Karpeles acknowledged to The Daily Beast that HSI agents met with his lawyers in 2013. Karpeles said he shared information with the U.S. government but said he could not comment on what information was shared.
Deryeghiayan reportedly believed the Baltimore division had dropped the ball on proving Karpeles was the owner of Silk Road and wrote an angry email to fellow DHS staffers protesting the Baltimore agents’ activities.

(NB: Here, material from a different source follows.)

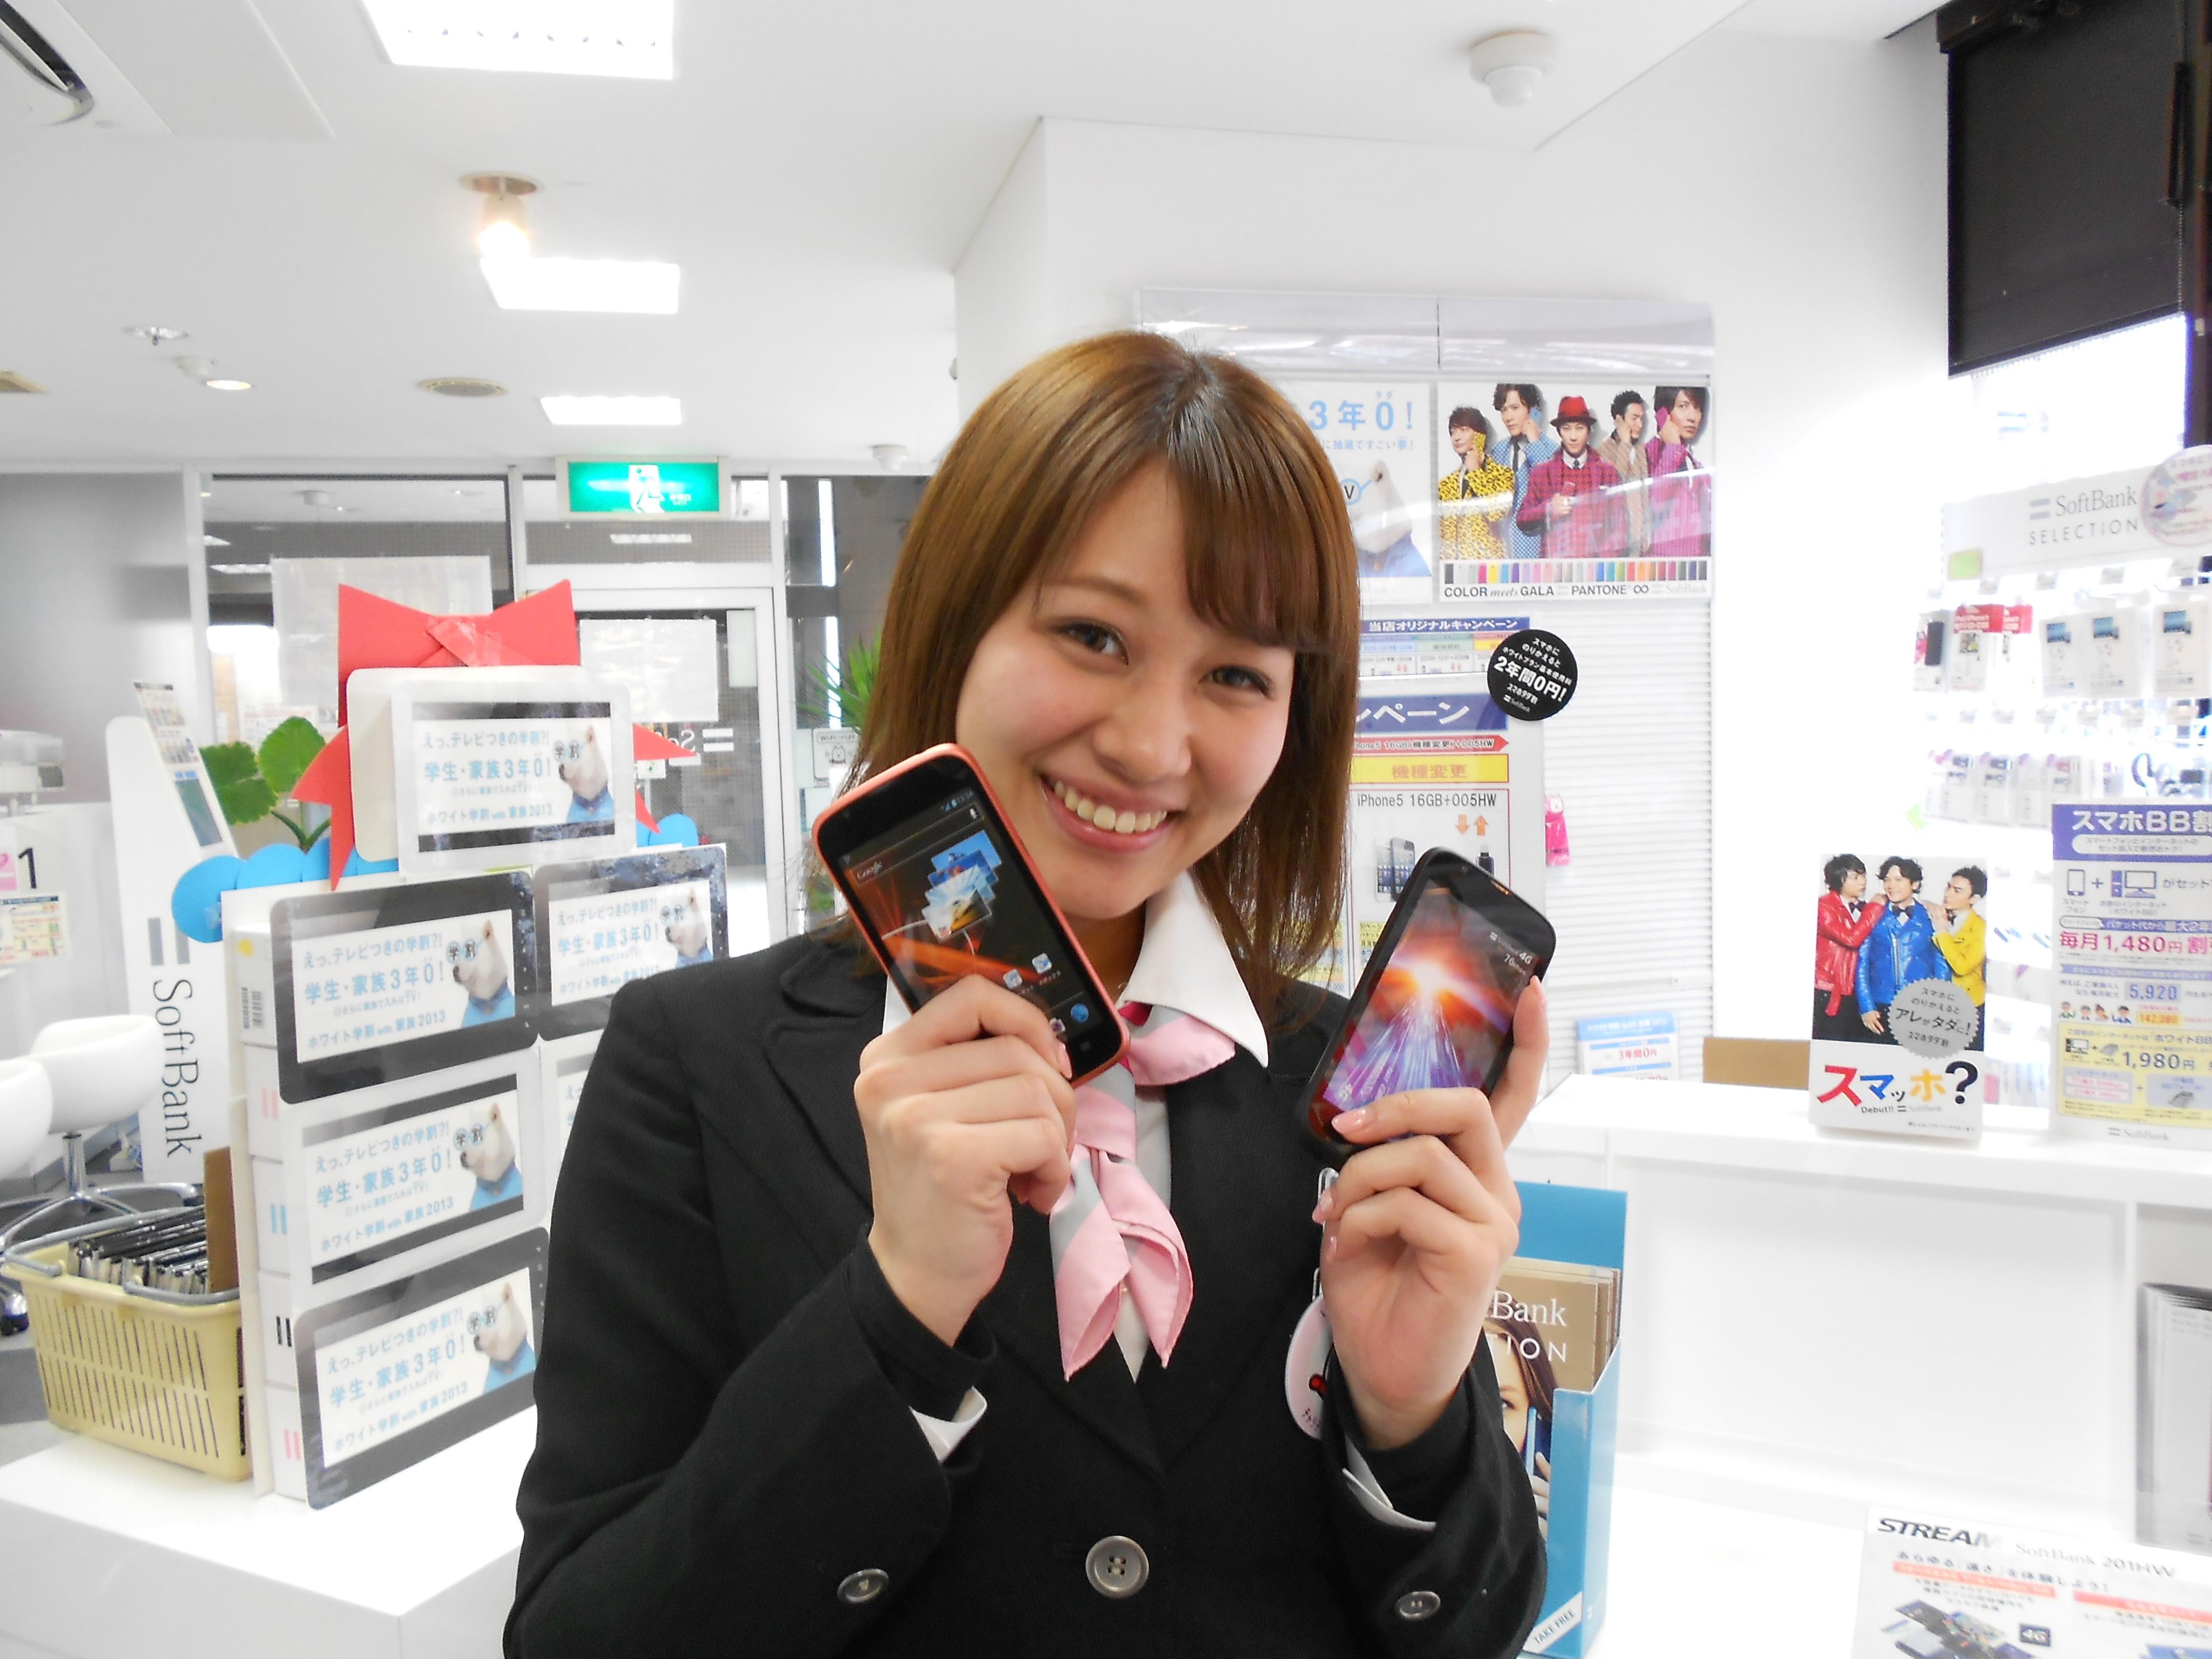 ソフトバンク 富士吉田(株式会社シエロ)のアルバイト情報

In an interview, Karpeles said he also spoke to the authorities when he discovered 50 fake passports being used to set up Mt. Gox accounts, and he acknowledged owning a hosting service used by part of the Silk Road network. “Part of the Silk Road network, silkroadmarket.org, was using a hosting service that I still own for one of my clients. I cannot disclose their name for obvious reasons,” he said.
“This is probably going to be disappointing for you, but I am not Dread Pirate Roberts,” Karpeles said in a separate statement. “The investigation reached that conclusion already—this is why I am not the one sitting during the Silk Road trial, and I can only feel defense attorney Joshua Dratel trying everything he can to point the attention away from his client.
“I have nothing to do with Silk Road and do not condone what has been happening there. I believe Bitcoin [and its underlying technology] is not meant to help people evade the law, but to improve everyone’s way of life by offering never-thought-before possibilities.”
Karpeles expressed concern that revealing too much about his knowledge of the Silk Road investigation could place former employees and others in danger.
Sources close to the Department of Homeland Security told The Daily Beast that Karpeles has been eliminated as a suspect in the running of Silk Road and that he has been relatively cooperative with the government. The sources added that they believe some of his clients were involved in running the website.
Karpeles, who is now CEO of Tibanne Co., added with some mirth following repeated attempts to ask him if he was the Silk Road founder: “I’m not a pirate nor a fraudster. Nor, for the record, am I the creator of Bitcoin, the elusive Satoshi Nakamoto.”